Data block:
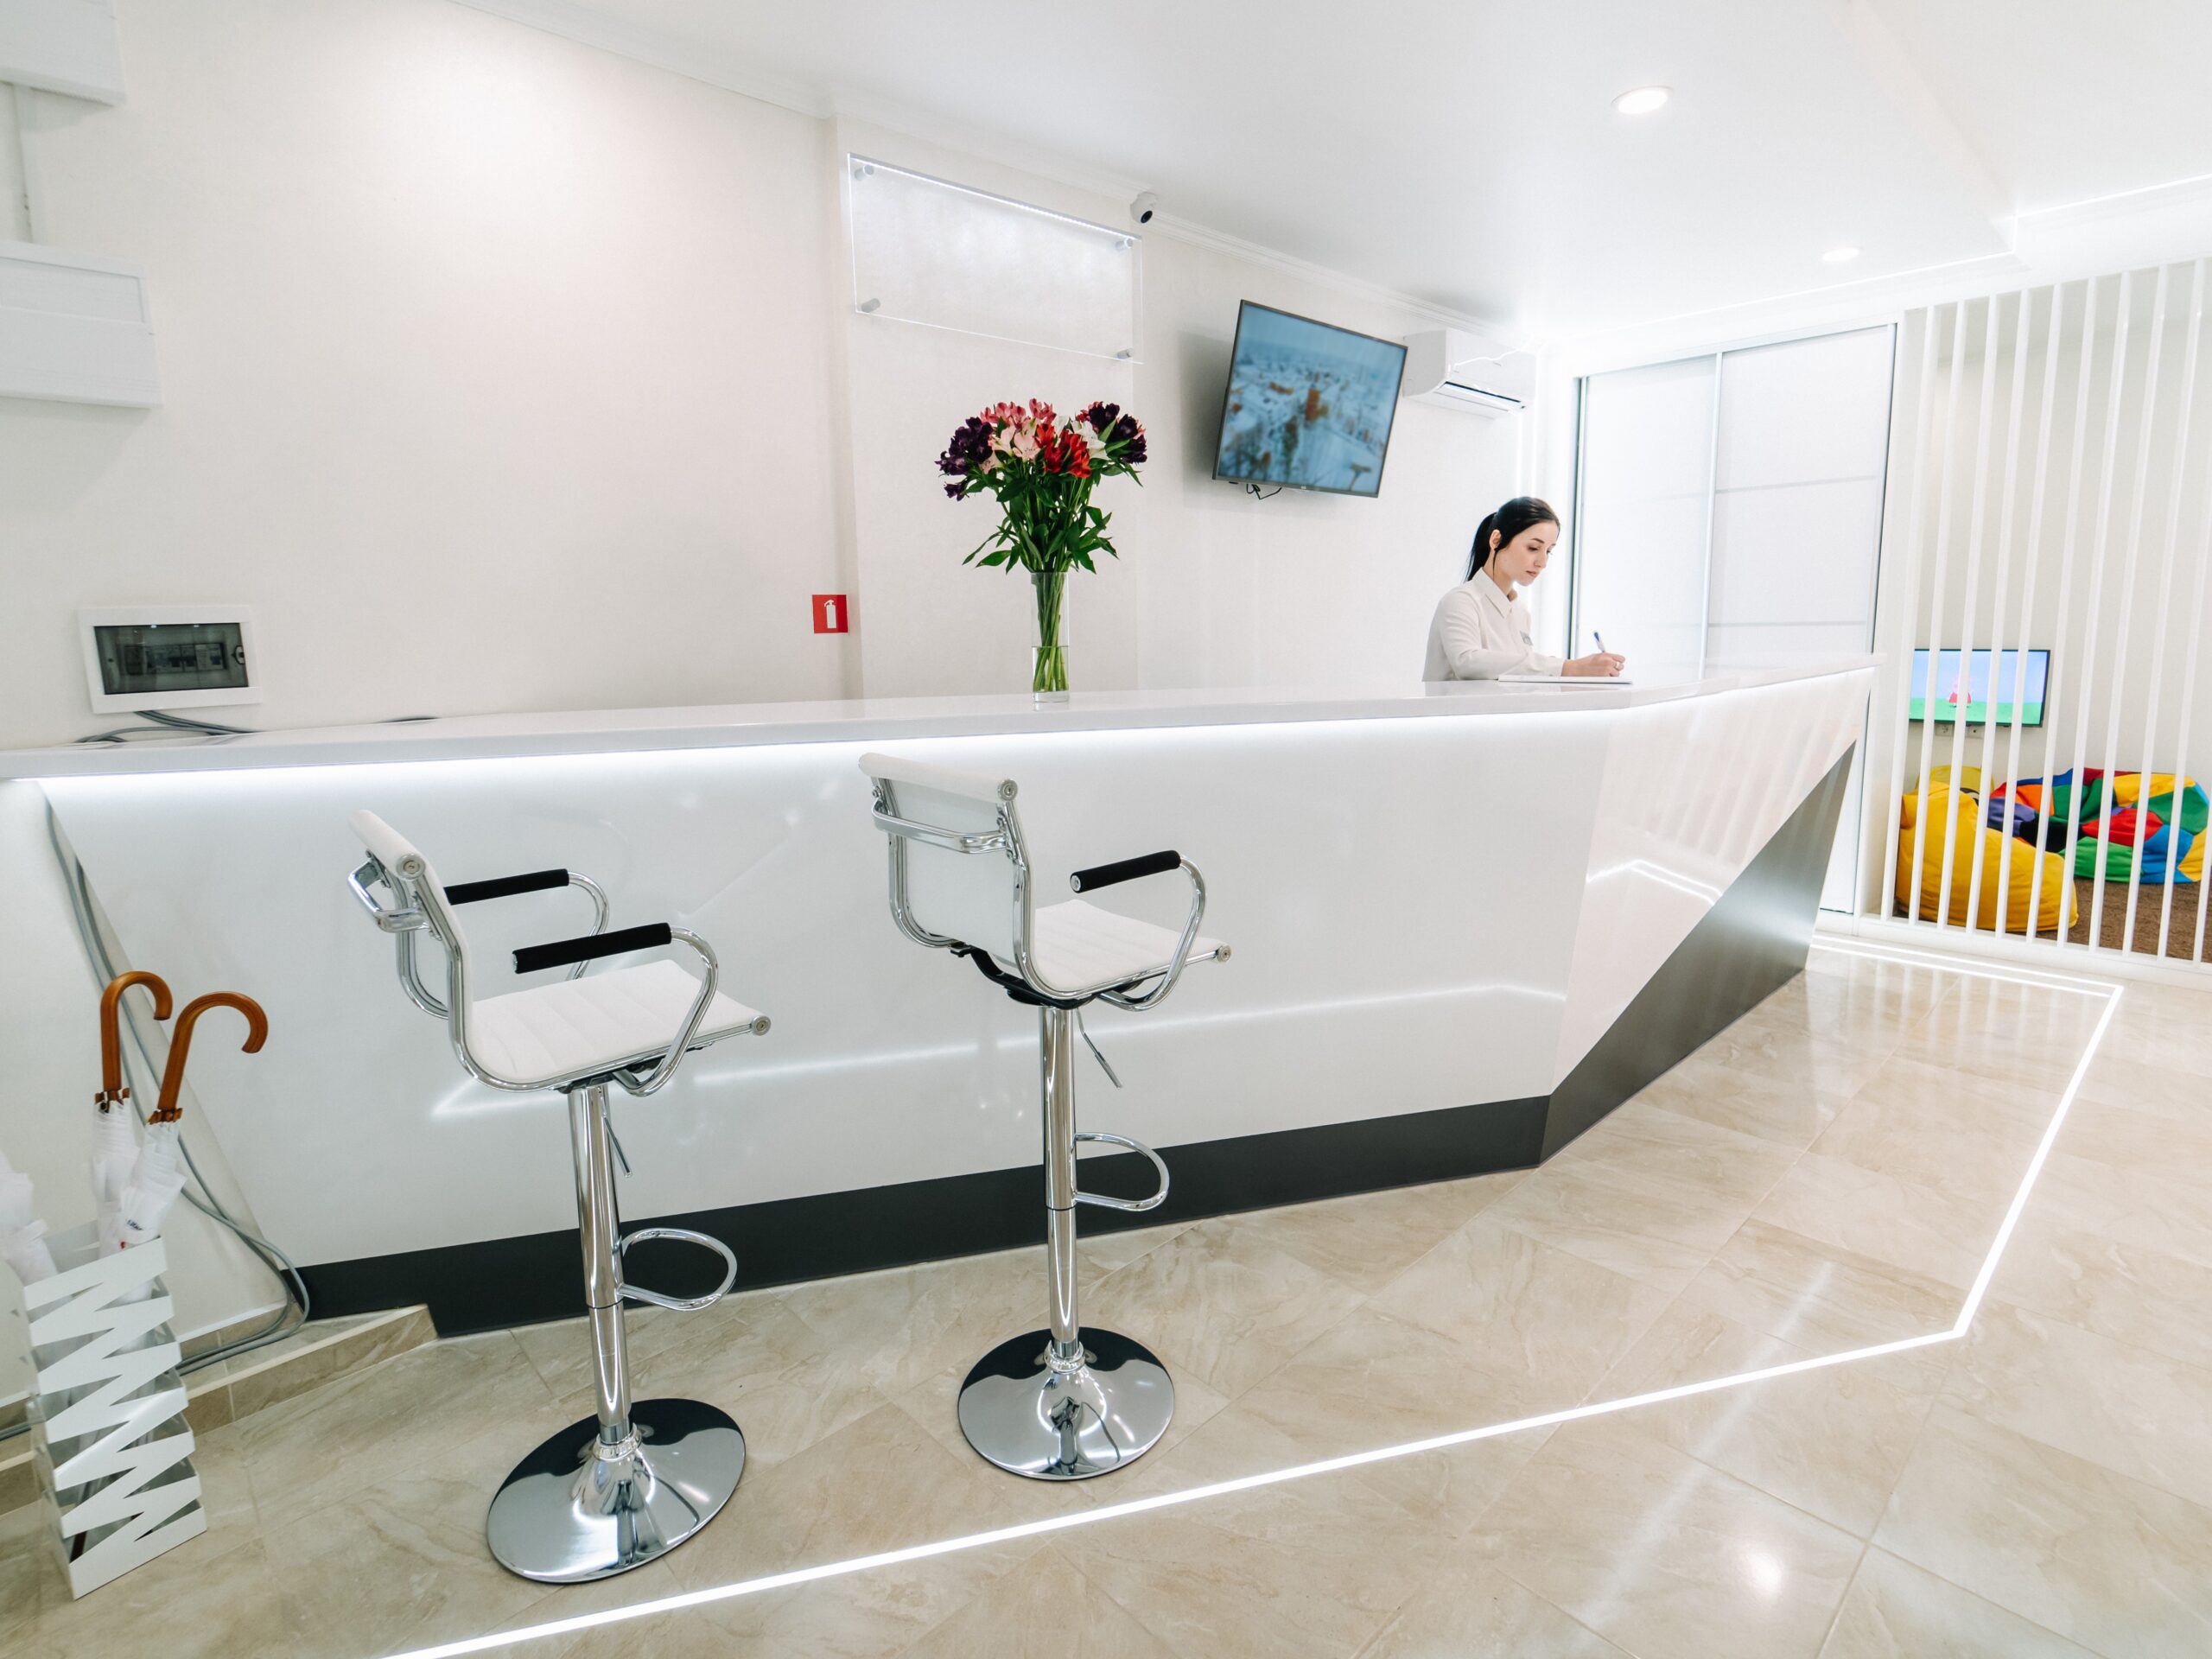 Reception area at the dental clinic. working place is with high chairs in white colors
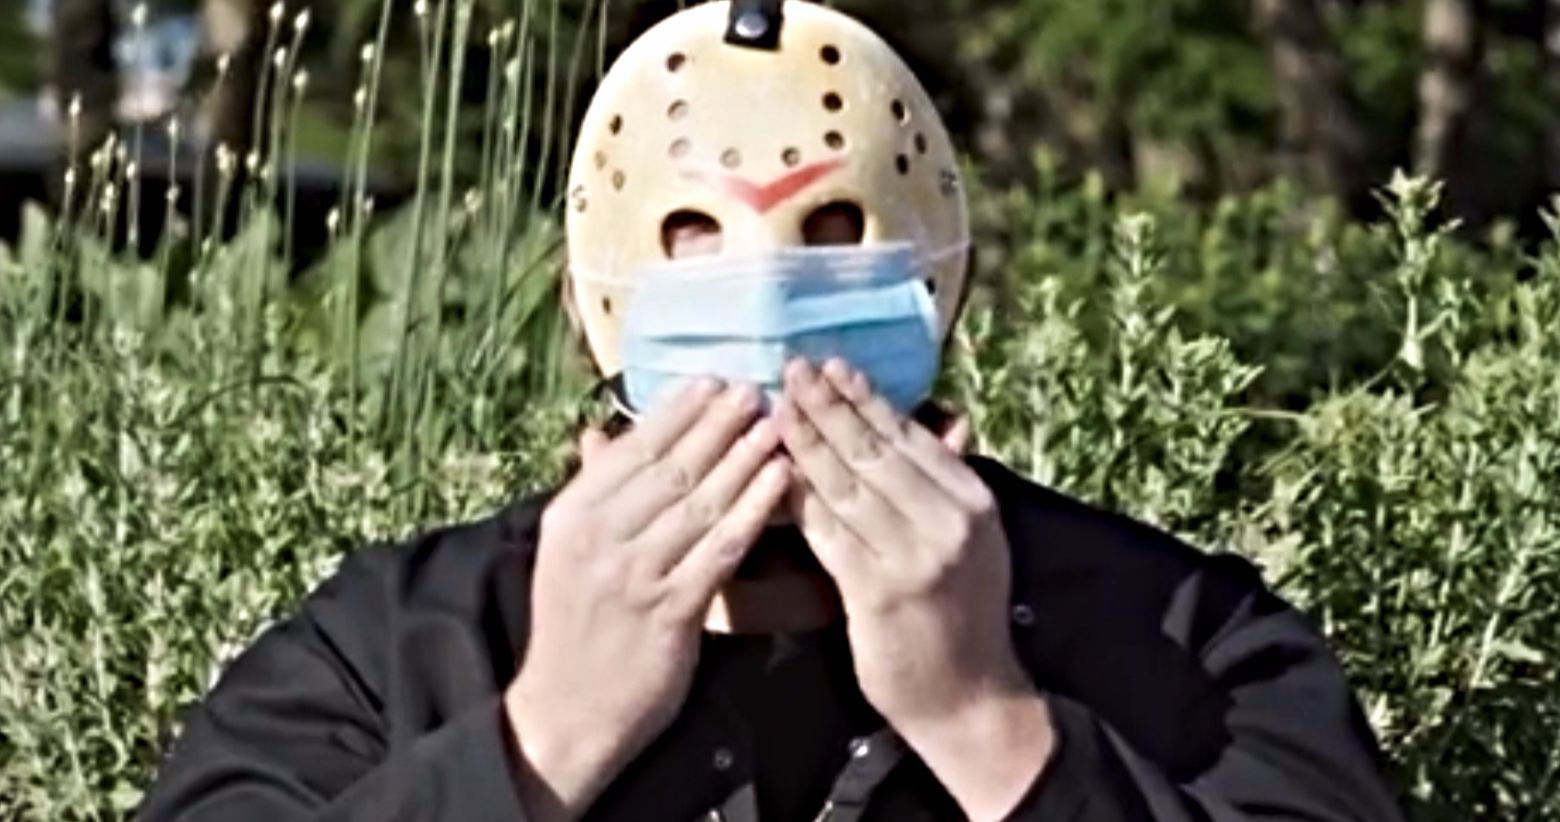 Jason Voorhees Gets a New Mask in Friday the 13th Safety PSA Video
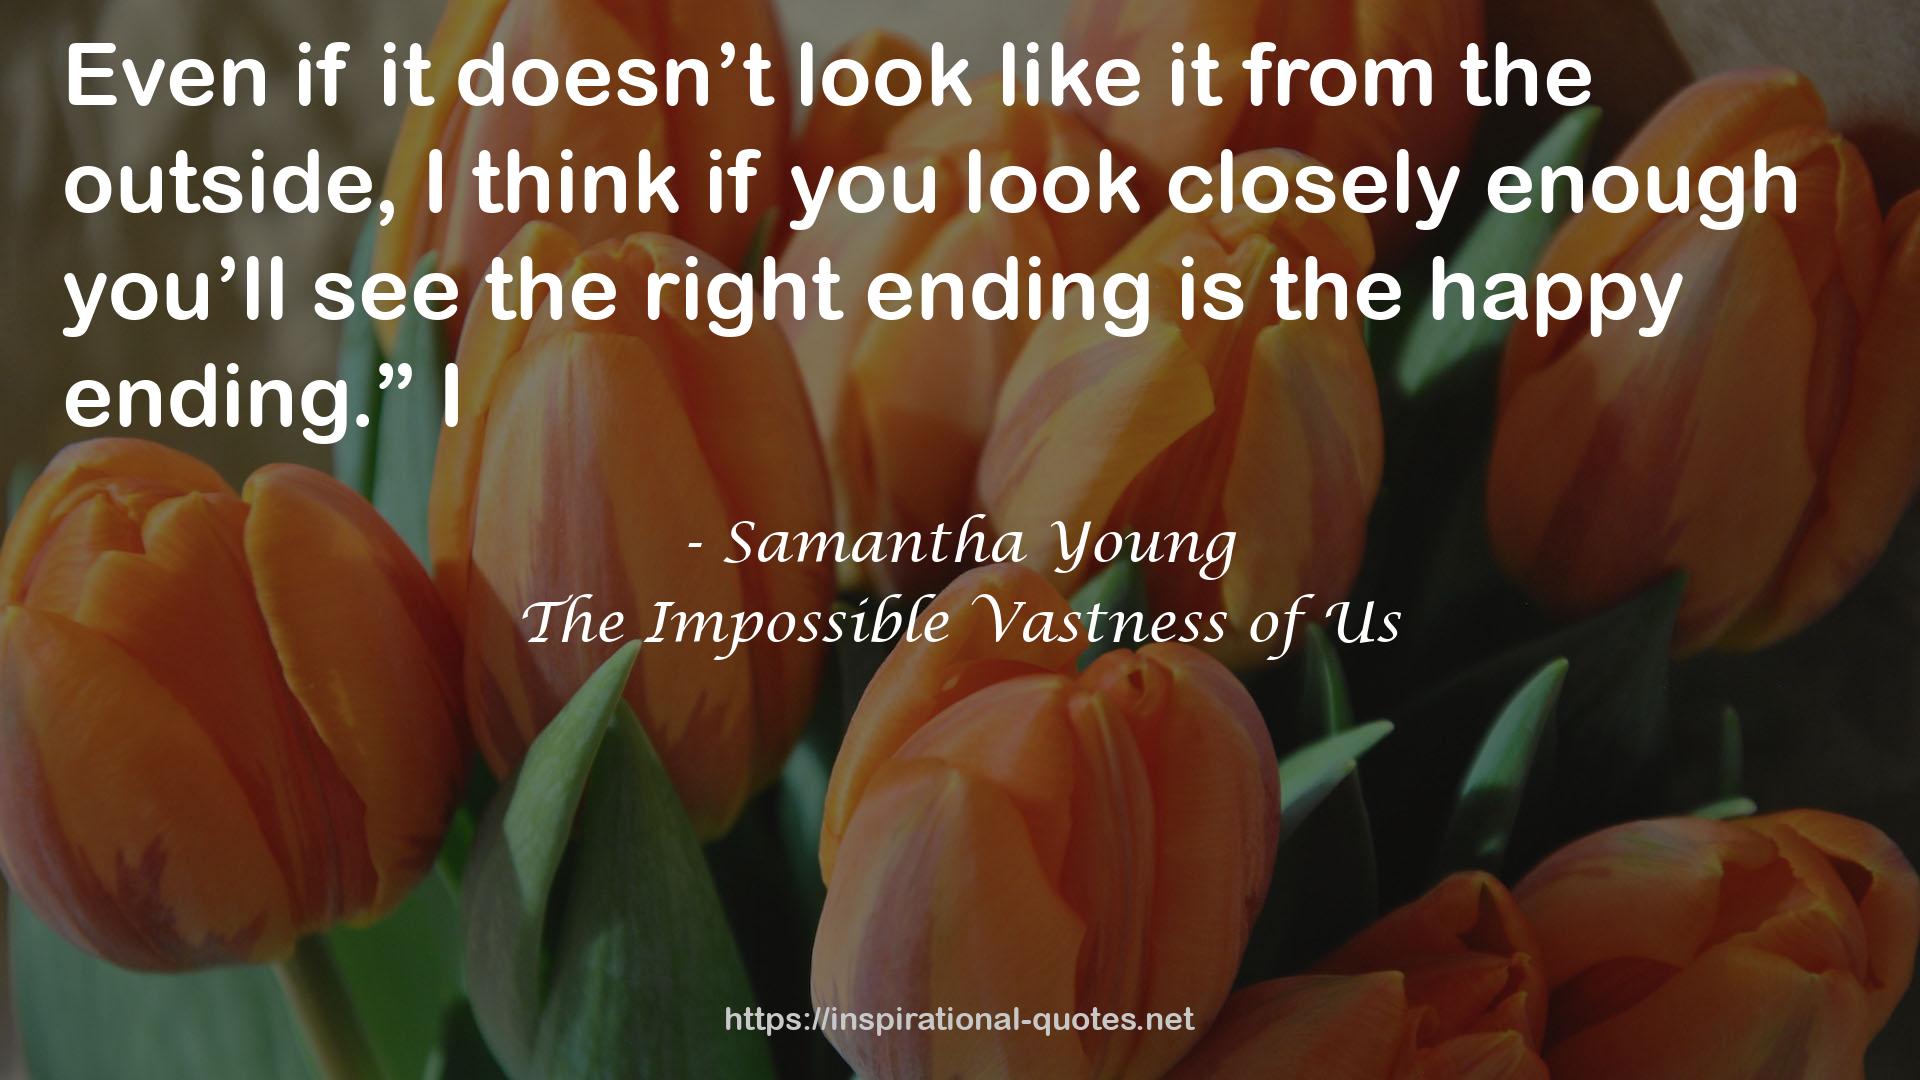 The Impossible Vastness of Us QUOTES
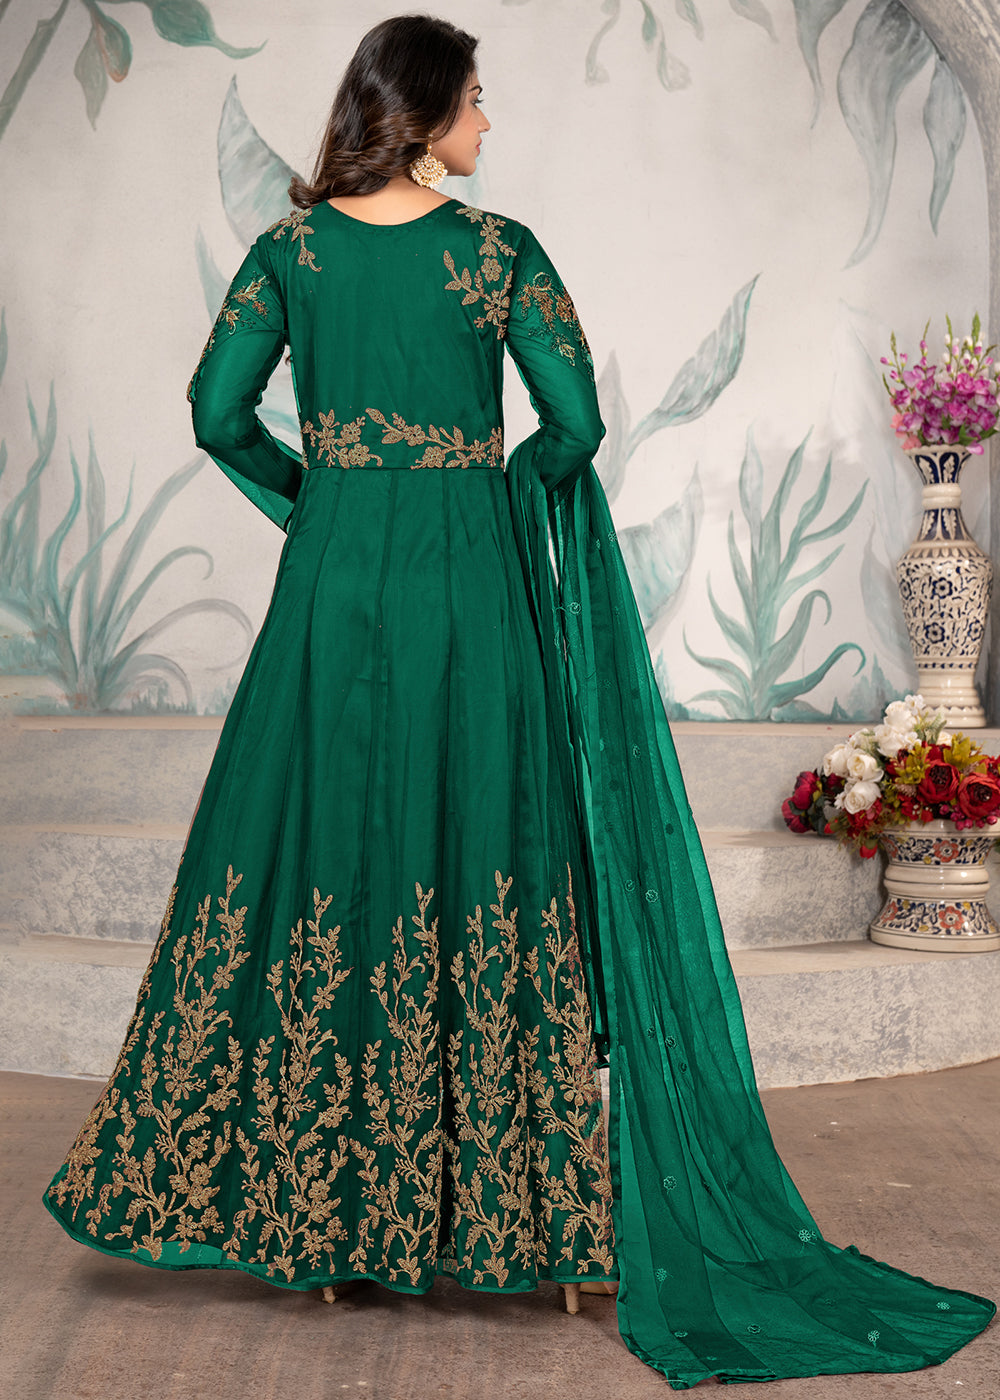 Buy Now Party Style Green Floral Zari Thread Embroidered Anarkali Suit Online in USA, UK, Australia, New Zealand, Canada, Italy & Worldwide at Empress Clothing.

Problem to work on:
Would you provide an exact, picture-free copy of the data above?

Solution for this problem:
 Reception area at the dental clinic. working place is with high chairs in white colors
 Jason Voorhees Gets a New Mask in Friday the 13th Safety PSA Video
 The Impossible Vastness of Us QUOTES
 Buy Now Party Style Green Floral Zari Thread Embroidered Anarkali Suit Online in USA, UK, Australia, New Zealand, Canada, Italy & Worldwide at Empress Clothing.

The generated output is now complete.